Gary Ilyes et Martin Splitt de Google ont discuté des limites d’exploration de Googlebot, fournissant plus de détails sur les raisons pour lesquelles les limites existent et révélant de nouvelles informations sur la manière dont ces limites peuvent être ajustées à la hausse ou à la baisse en fonction des besoins et de ce qui est accompli.
Détails sur les limites de Googlebot
Gary Illyes a partagé des détails sur ce qui se passe dans les coulisses de Google et qui détermine les différentes limites d’exploration, à commencer par la limite de 15 mégaoctets de Googlebot.

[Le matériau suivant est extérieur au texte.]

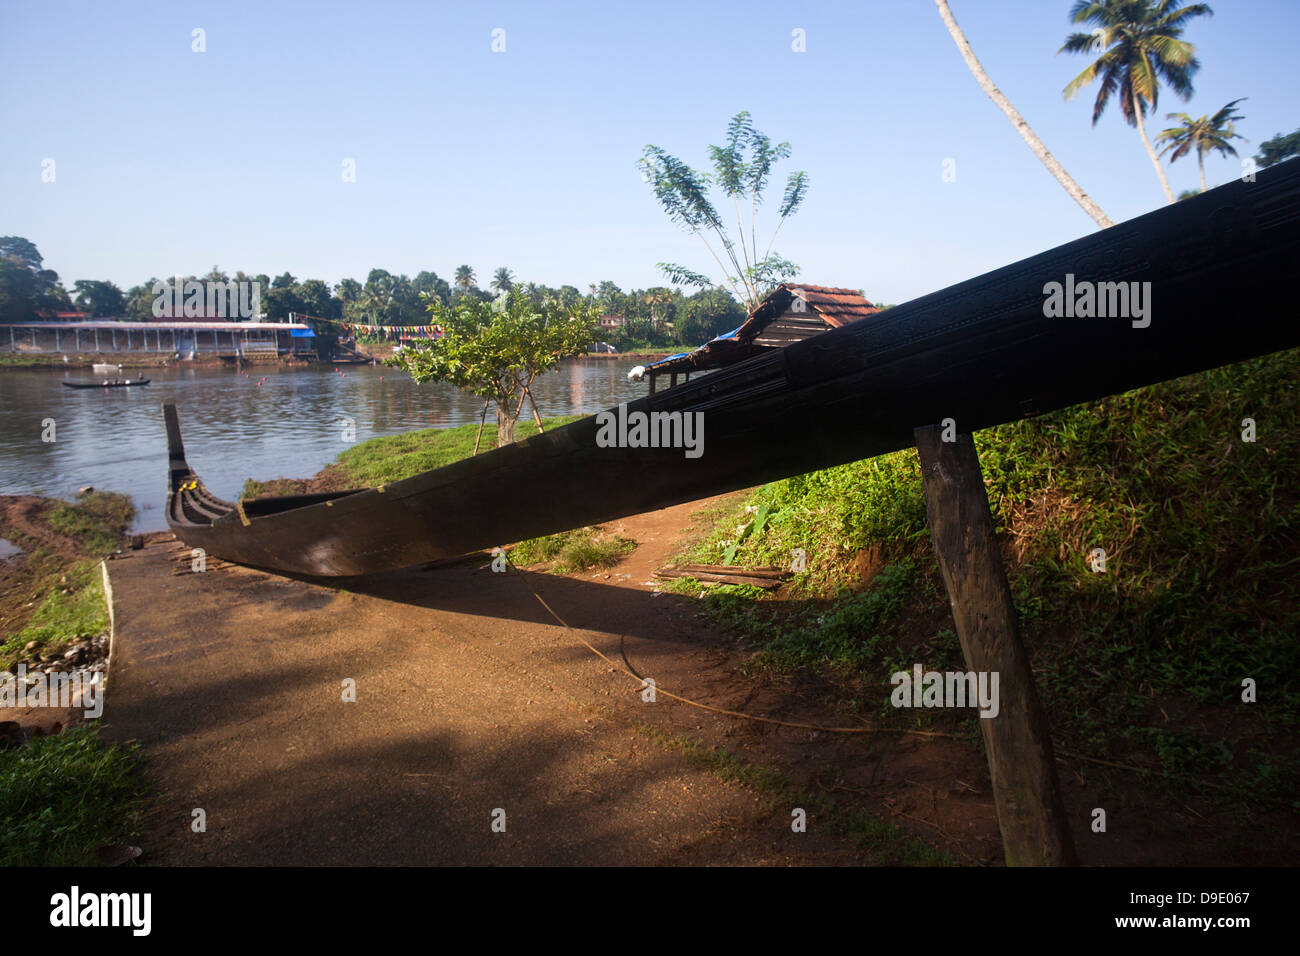 Snake boat at the riverside, Aranmula, Kerala, India Stock Photo
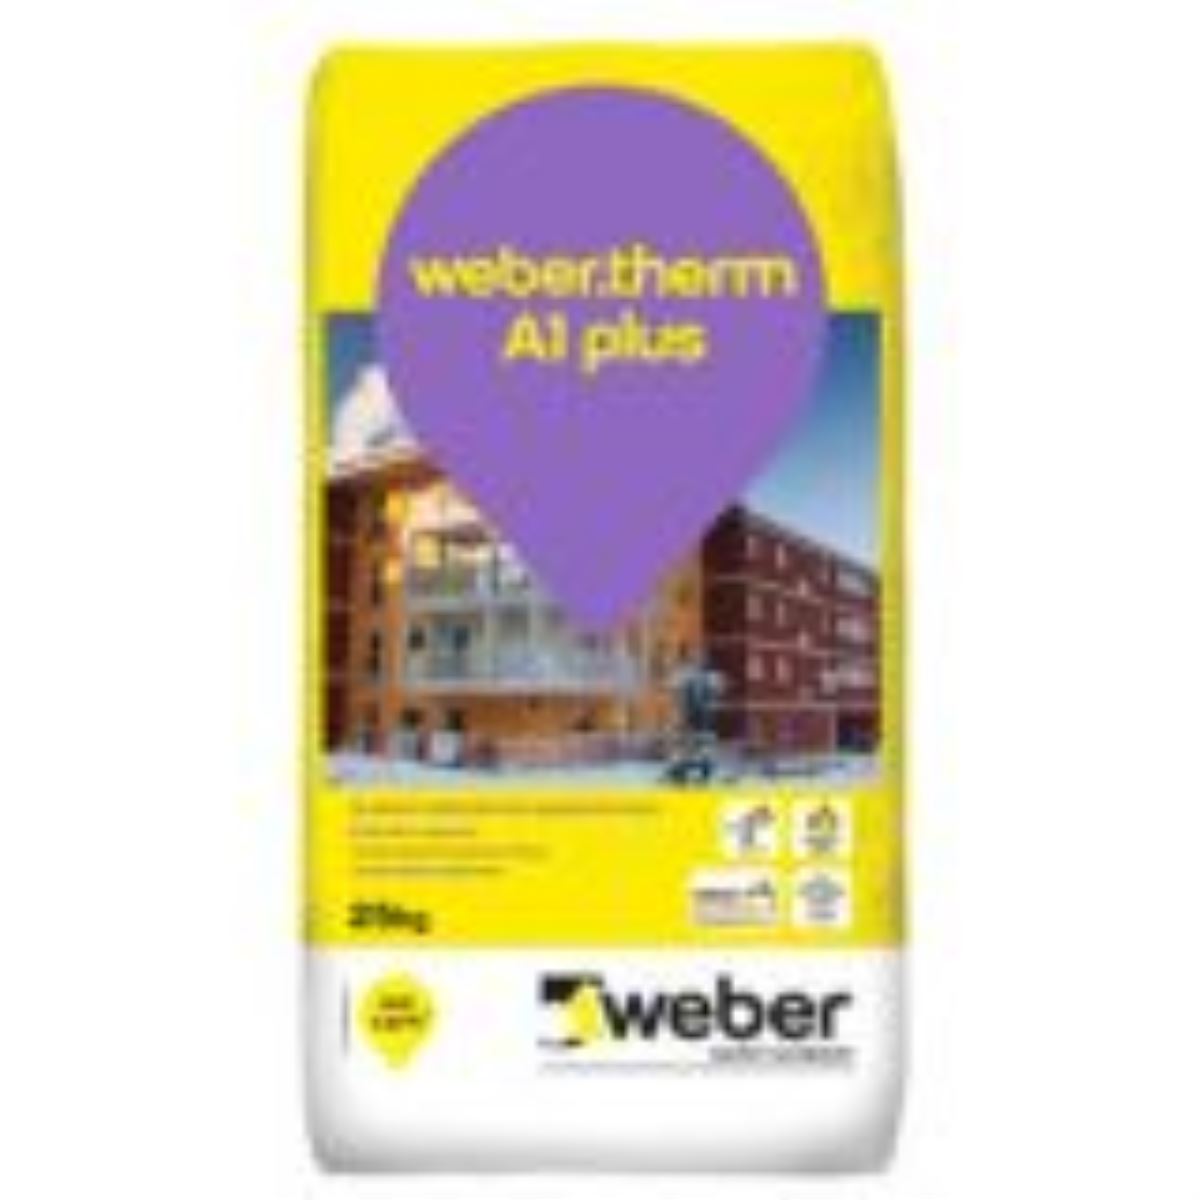 Weber Therm A1 Plus

Il a déclaré que tout robot d’exploration de Google avait une limite de 15 mégaoctets et a explicitement déclaré que cette limite pouvait être outrepassée ou désactivée. En fait, il a déclaré que les équipes de Google outrepassaient régulièrement cette limite. Il a utilisé l’exemple de la recherche Google, qui outrepasse cette limite en la réduisant à deux mégaoctets.
Illyes a expliqué :
« Je veux dire, il y a un tas de choses qui sont destinées à notre propre protection ou à celle de notre infrastructure. Comme par exemple, la fameuse limite par défaut de 15 mégaoctets qui est fixée au niveau de l’infrastructure. «
Et fondamentalement, tout robot d’exploration qui ne remplace pas ce paramètre aura une limite de 15 mégaoctets. Fondamentalement, il commence à récupérer les octets du serveur ou tout ce que le serveur envoie. Et puis il y a un compteur interne. Et puis, lorsqu’il atteint 15 mégaoctets, il cesse de recevoir les octets.
Je ne sais pas si cela ferme la connexion ou non. Je pense que cela ne ferme pas la connexion. Il envoie simplement une réponse au serveur que, OK, vous pouvez arrêter maintenant. Je vais bien.
Mais les équipes individuelles peuvent alors contourner cela. Et cela arrive. Cela arrive assez souvent. Et par exemple, pour la recherche Google, en particulier pour la recherche Google, la limite est portée à deux mégaoctets.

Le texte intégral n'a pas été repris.